It's the Campaign and YOU, Stupid: Clinton Ground Game Under Fire: You F**KED UP HILLARY

@ 08:21 PM (4 months, 9 days ago)

 

The political team that famously used the phrase “It’s the economy, stupid” to vault to victory in 1992 could be in need of a new mantra 15 years later: It’s the campaign, stupid.

Hillary Clinton has slipped from “inevitable” front-runner to second fiddle over the past two months, and political observers have chimed in with their take on what went wrong: No plan for after Super Tuesday. A poor caucus strategy. Her husband.

Leon Panetta, former White House chief of staff to Bill Clinton, is the latest Clinton loyalist to come out and criticize the campaign. And he suggests the problem was all of the above.

“It seems to me like they rolled the dice on Super Tuesday, thinking that would end it,” Panetta told The New York Observer. “And when it didn’t end it, they didn’t have a plan. And when it came to the caucus states, they did have a plan — which was to ignore them. I think those were serious mistakes.”

Since Feb. 5, when Barack Obama and Clinton ended the 22-state Super Tuesday marathon in a near-draw in terms of delegates, Obama has seized the lead in fundraising, contests won and total delegates.

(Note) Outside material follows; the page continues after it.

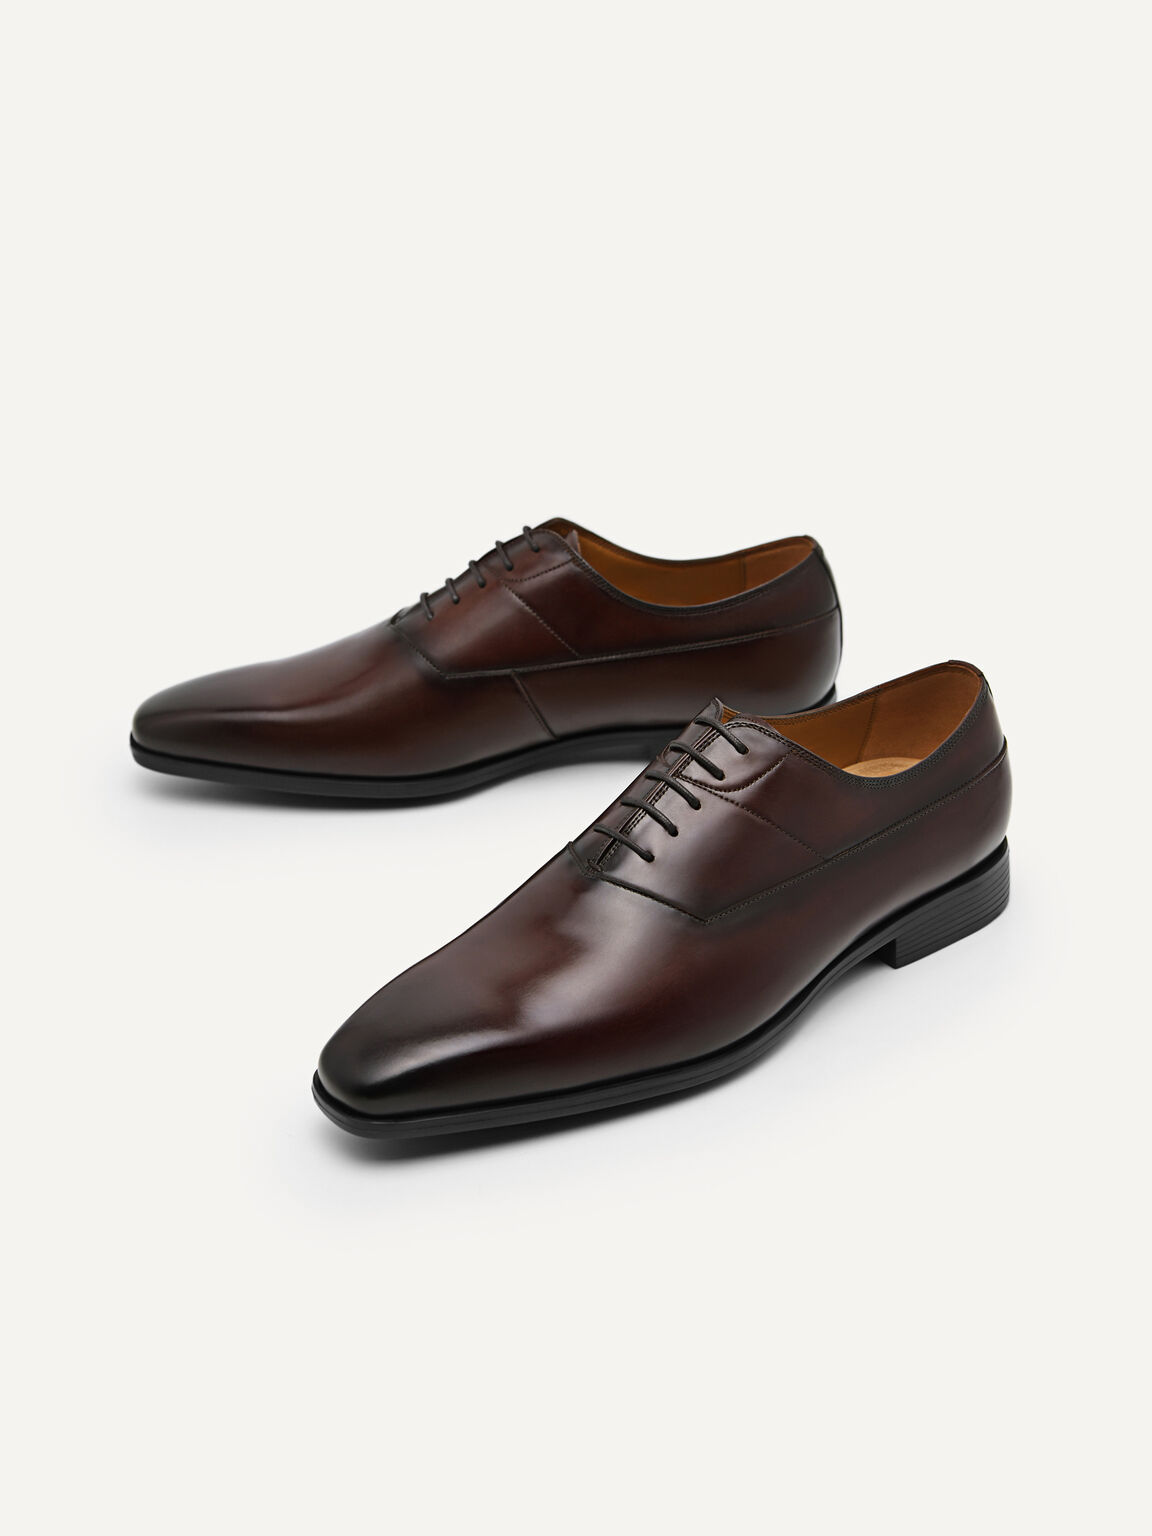 Altitude Leather Oxfords, Brown, hi-res

Clinton now is depending on a big comeback in the Ohio and Texas primaries next Tuesday, March 4, to turn the ship around.

Panetta put much of the blame on Clinton campaign strategist Mark Penn, comparing him to an old-school operative like Karl Rove who is “all about dividing people into smaller groups rather than taking the broader approach that was needed.”

He said Obama captured the desire for change in Washington, and that the call for such change was underestimated.

He also spoke cautiously about his former boss, according to the Observer, saying that Bill Clinton sometimes has “quick reactions to things” and that it’s the job of his staff to prepare him and allow him to let off steam before entering the public arena.

The former president caused a stir before the South Carolina primary by calling Obama’s opposition to the Iraq war a “fairy tale.” He also snapped at reporters on occasion.

Clinton’s superdelegates — party officials and insiders who go to the August convention free to support either candidate, regardless of their states’ primary and caucus results — have started to cross over.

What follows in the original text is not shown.